Stepping up to middle school is supposed to a non-competitive process, with admission ostensibly determined by a child’s hukou status and location of residence.

But as one informed parent revealed to me years ago, being admitted to a good school is extremely competitive. In such cases, a “good” school usually refers to a private school or a special program in a public school.

With middle-school entrance exams no longer administered out of concern for the already onerous study burden placed on students, admission decisions at coveted schools can nevertheless be influenced by certificates and training credentials racked up by youngsters at private training companies. Some companies even offer lessons to parents and children about how to handle themselves during interviews with middle-school admissions officers.

A girl from my son’s class who had just been accepted by one top school had been attending private training sessions since kindergarten. This news prompted one hearer to note that her family could have spent hundreds of thousands of yuan on such lessons over the past several years.

Not surprisingly, exceptions are made for students whose parents can leverage powerful guanxi (connections). One school master, while reflecting on the rigors of the enrollment process, openly acknowledged that exceptions have to be made for tiaozisheng: students from families having strong connections.

But guanxi also matters in unlikely places. Several years ago, a friend of mine got his son into an expensive training program with one well-known private company. The program was so sought-after that he had to leverage his connections in high places just to have the privilege of enrolling his child in the program.

Good connections

Last month, he leveraged his guanxi again to get his son an interview with a good school. Normally, the school in question only accepts candidates identified as “three good” students at the district or municipal level. Lacking such distinctions, the son was nonetheless accepted. The father also revealed to me that there is a black market for interviews at this particular institution, with the price of a single meeting running into the tens of thousands of yuan.

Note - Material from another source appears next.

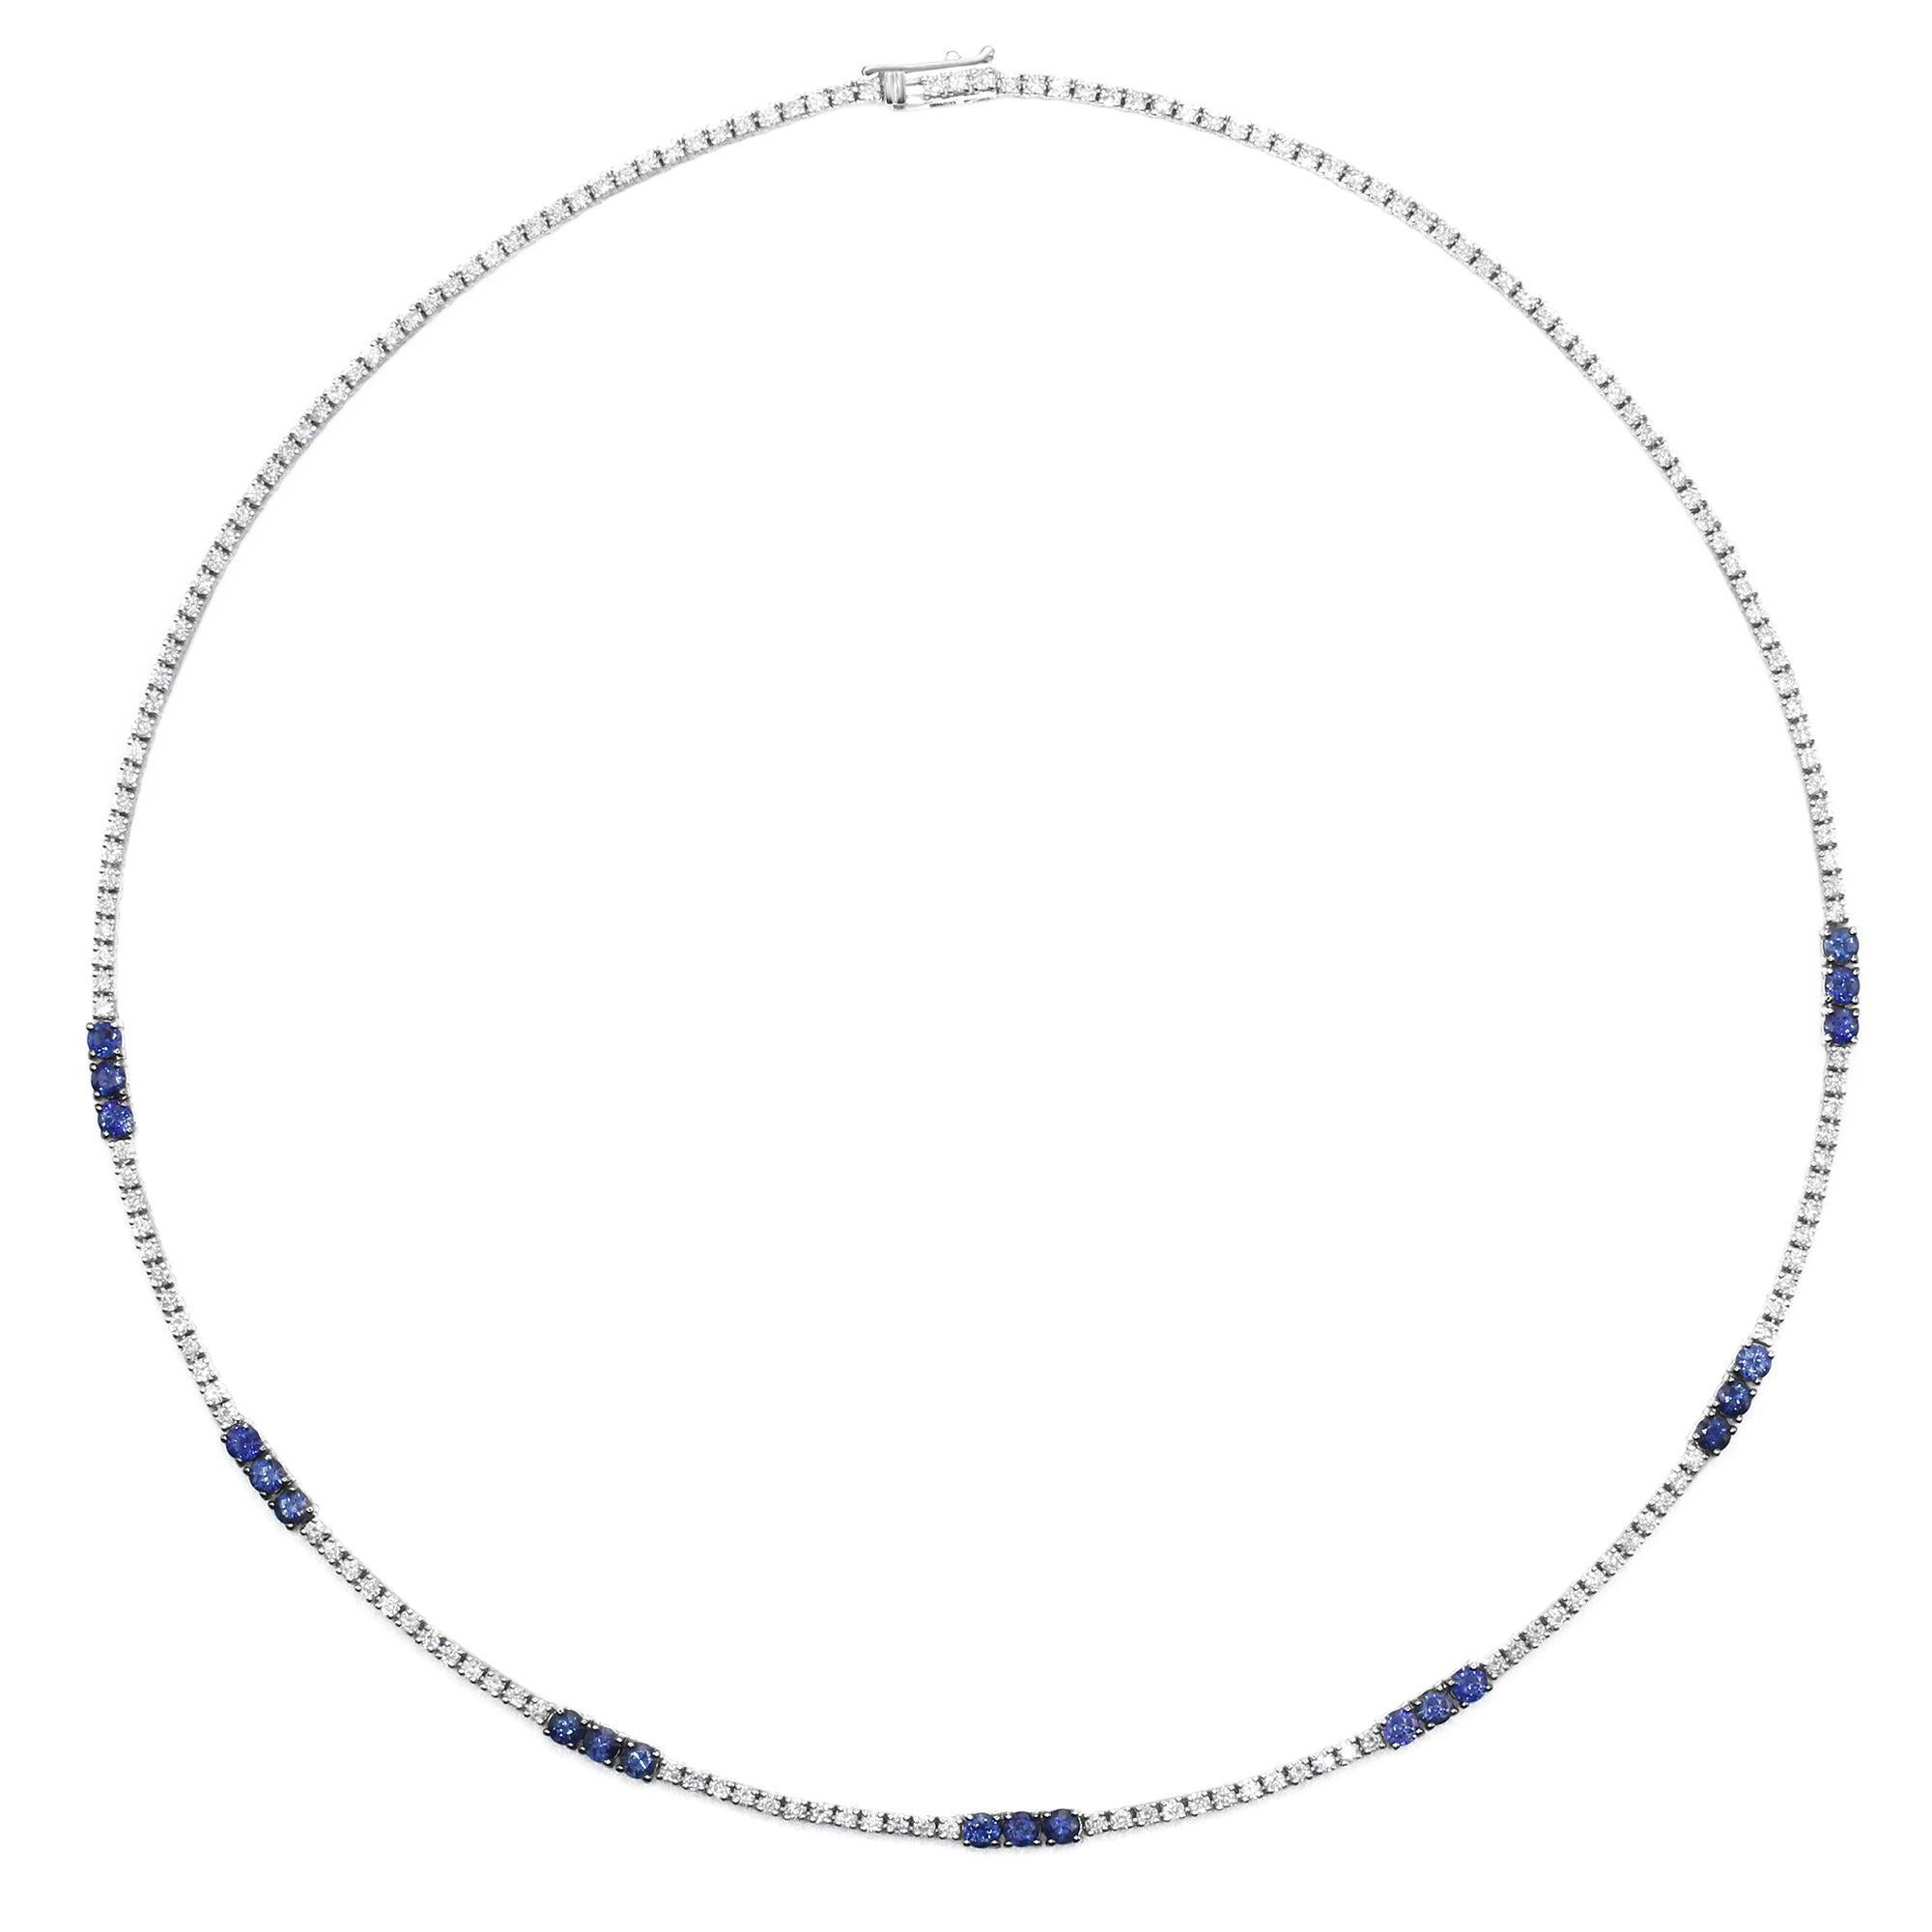 Diese atemberaubende Tennis-Halskette besteht aus weißen Diamanten im Rundschliff und blauen Saphiren. Alle Steine sind in 14 Karat Weißgold gefasst. Die Halskette wird mit einem Verschluss gesichert. Länge: 17 Zoll. Breite: 2,80 mm. Gesamtgewicht

And it is upon this demand that so many fortunes are being made in the private training industry. Some particularly successful businesses have even listed on overseas stock exchanges, where they are valued at hundreds of millions (if not billions) of US dollars.

Unfortunately, the profitability of such companies gets more attention than the misery of our children.

The aforementioned father said one girl in his son’s class had attended so many training sessions on weekends that she looked forward to Mondays, when the start of a new school week would mean fewer training sessions.

Does graduation from middle school offer any relief? Hardly. On their websites many companies boast a full range of courses designed for preschoolers all the way to high-schoolers.

Of the five children invited to last weekend’s birthday party, one arrived late and one left early, both having training sessions to attend.

As I overheard one frustrated mother exclaim years ago: “I am totally supportive of restoring the practice of administering open junior middle school entrance tests.”

I’m afraid that many people like her are looking back into the past not because it was a wonderful time for childhood education, but because what we are seeing now in the present is even more horrifying.

In the name of saving our kids from the pressures of another high-pressure test, we are allowing our education to be dictated by money. As things stand now, children from wealthy and well-connected families are being siphoned off into “good” classes and private schools, effectively creating a caste system.

The fabulous wealth made from such circumstances will only continue to favor the rich. Educational authorities should not collude in this process. It is high time we all take another look at the meaning and purpose of education.